> TASK STATEMENT: Could the data below be retyped exactly, without its pictures?

> DATASET EXCERPT:
..............................
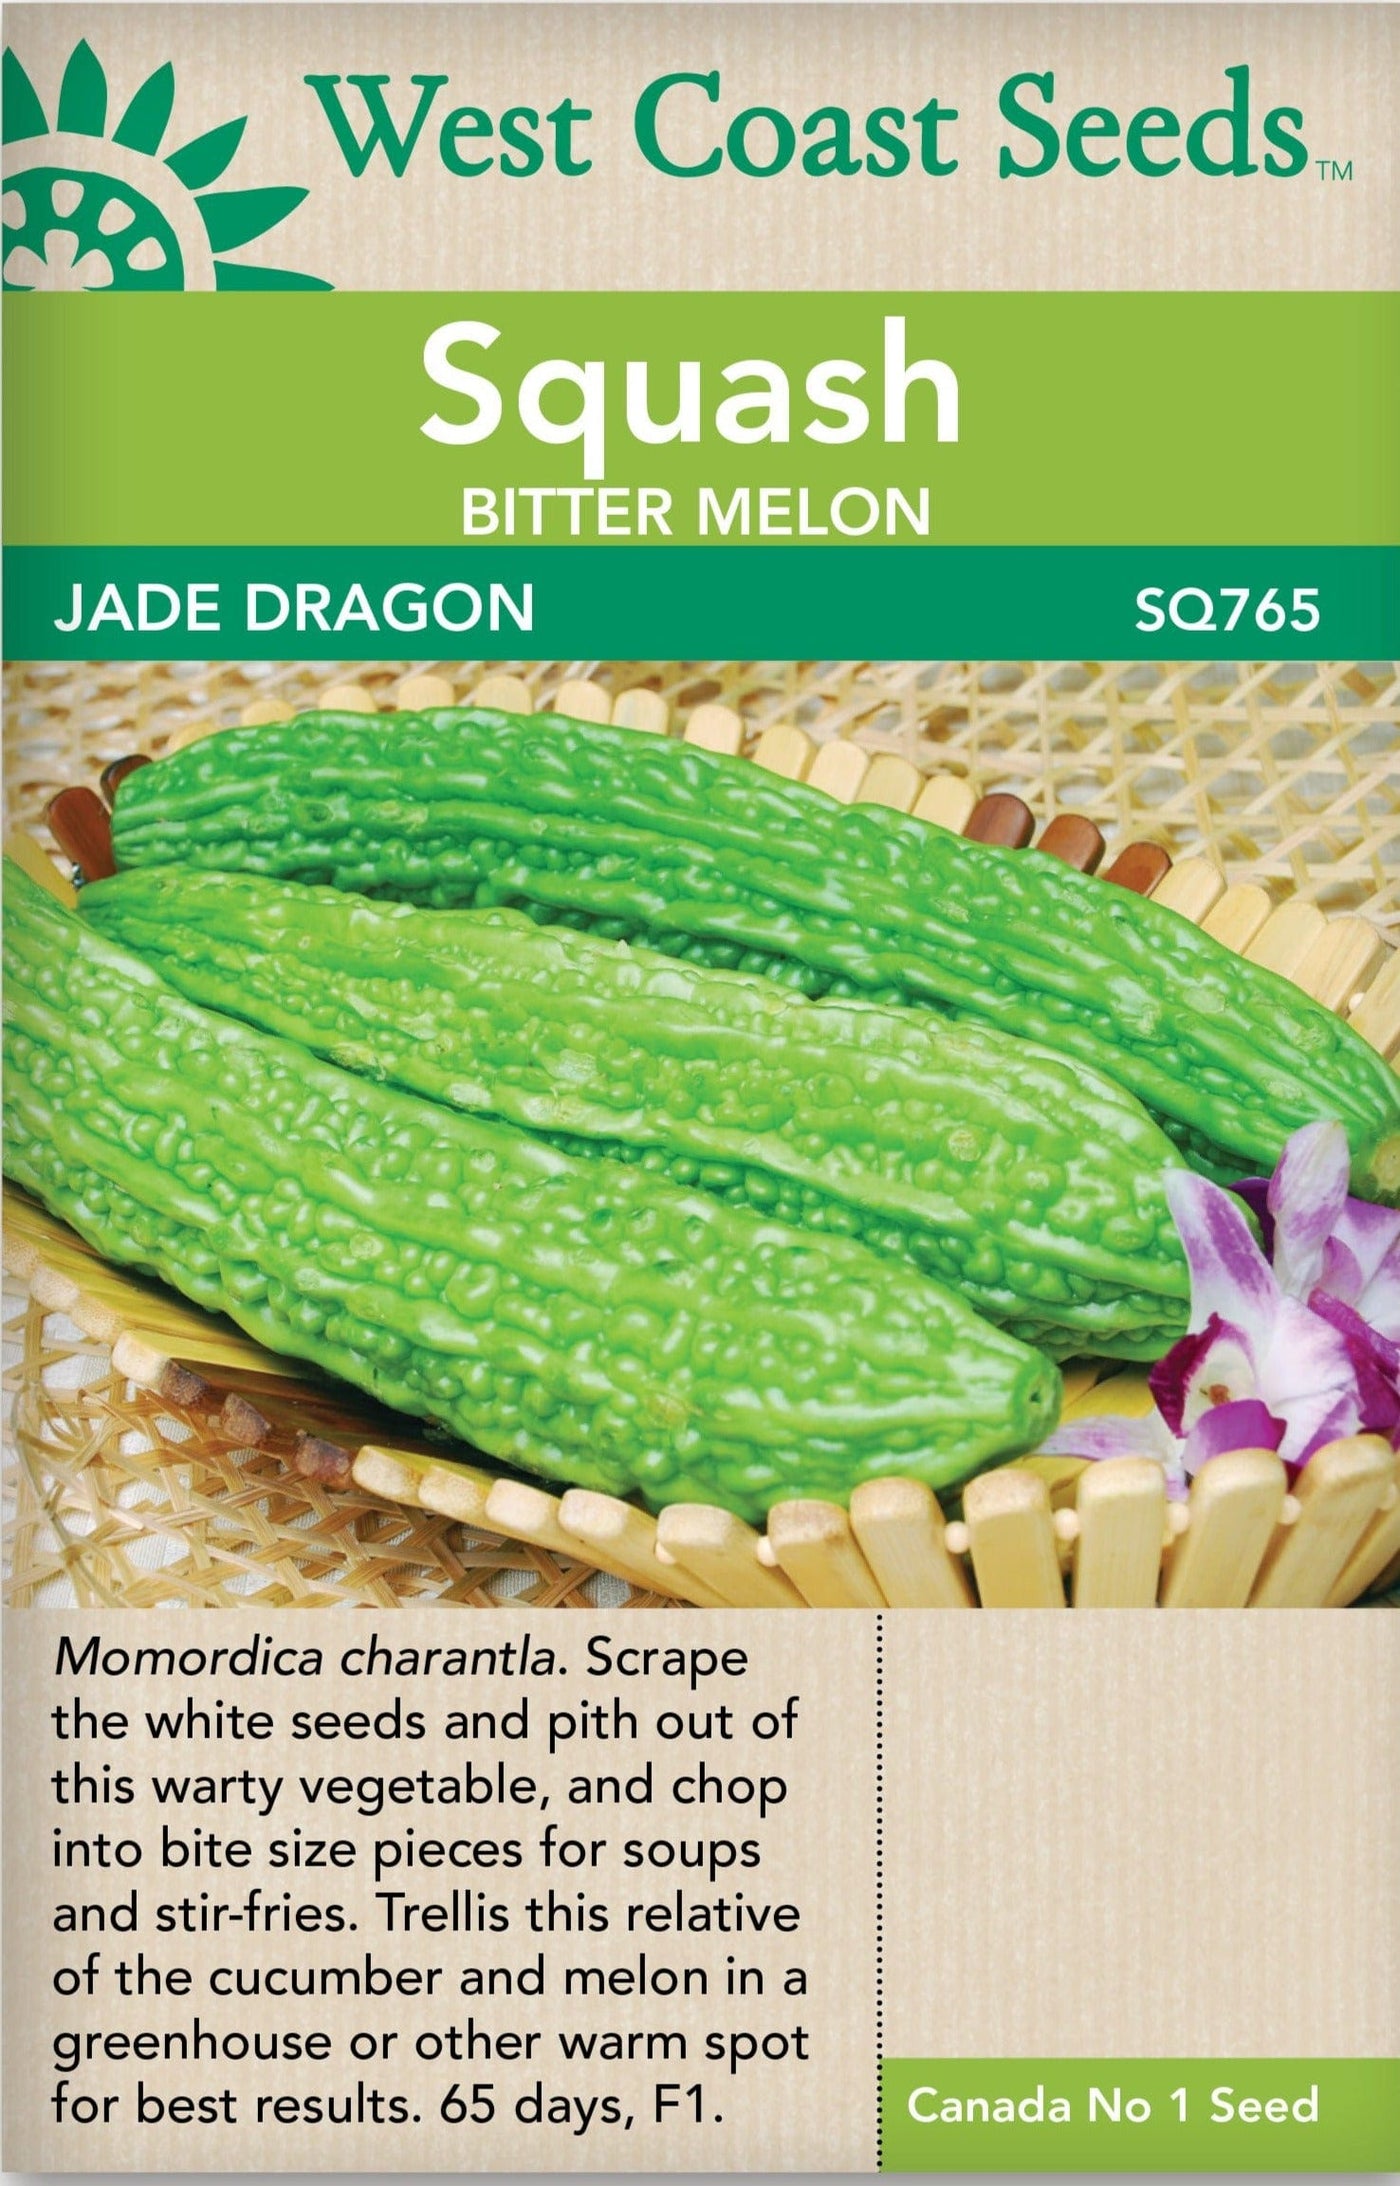 Squash Jade Dragon - West Coast Seeds
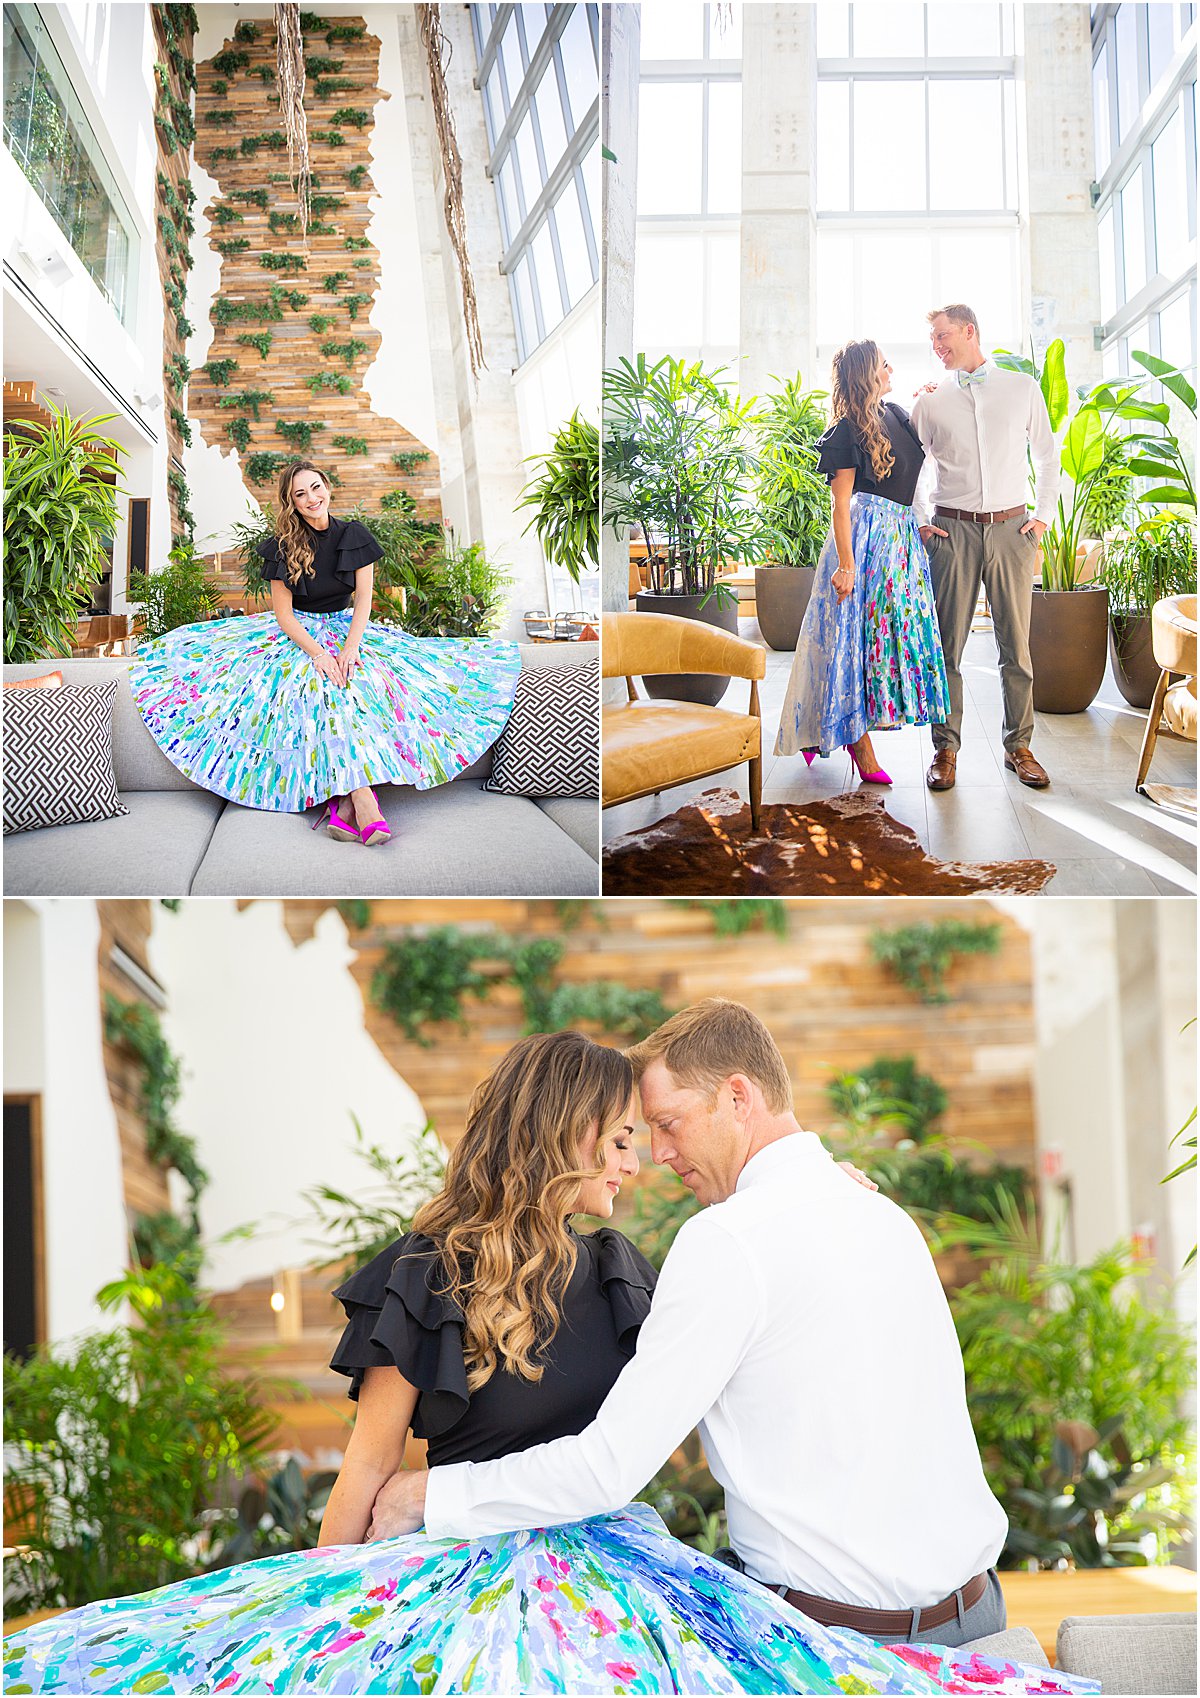 Stunning Micro Wedding | Hotel Wedding Room Block | The Canopy Hotel West Palm Beach Downtown | Married in Palm Beach | www.marriedinpalmbeach.com | Krystal Zaskey Photography
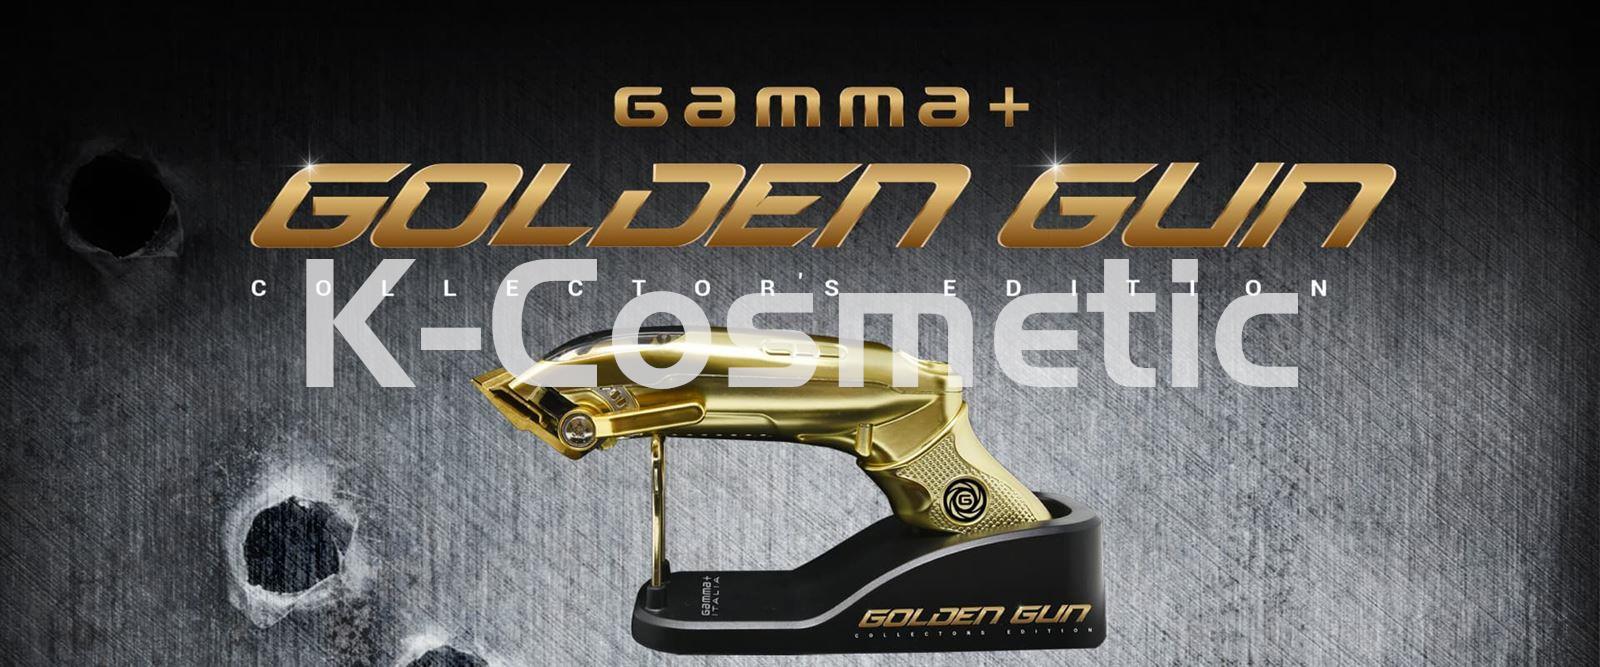 MAQUINA DE CORTE GAMMA+ GOLDEN GUN - Imagen 1
..............................
> WRITTEN SOLUTION:
 Squash Jade Dragon - West Coast Seeds
 Stunning Micro Wedding | Hotel Wedding Room Block | The Canopy Hotel West Palm Beach Downtown | Married in Palm Beach | www.marriedinpalmbeach.com | Krystal Zaskey Photography
 MAQUINA DE CORTE GAMMA+ GOLDEN GUN - Imagen 1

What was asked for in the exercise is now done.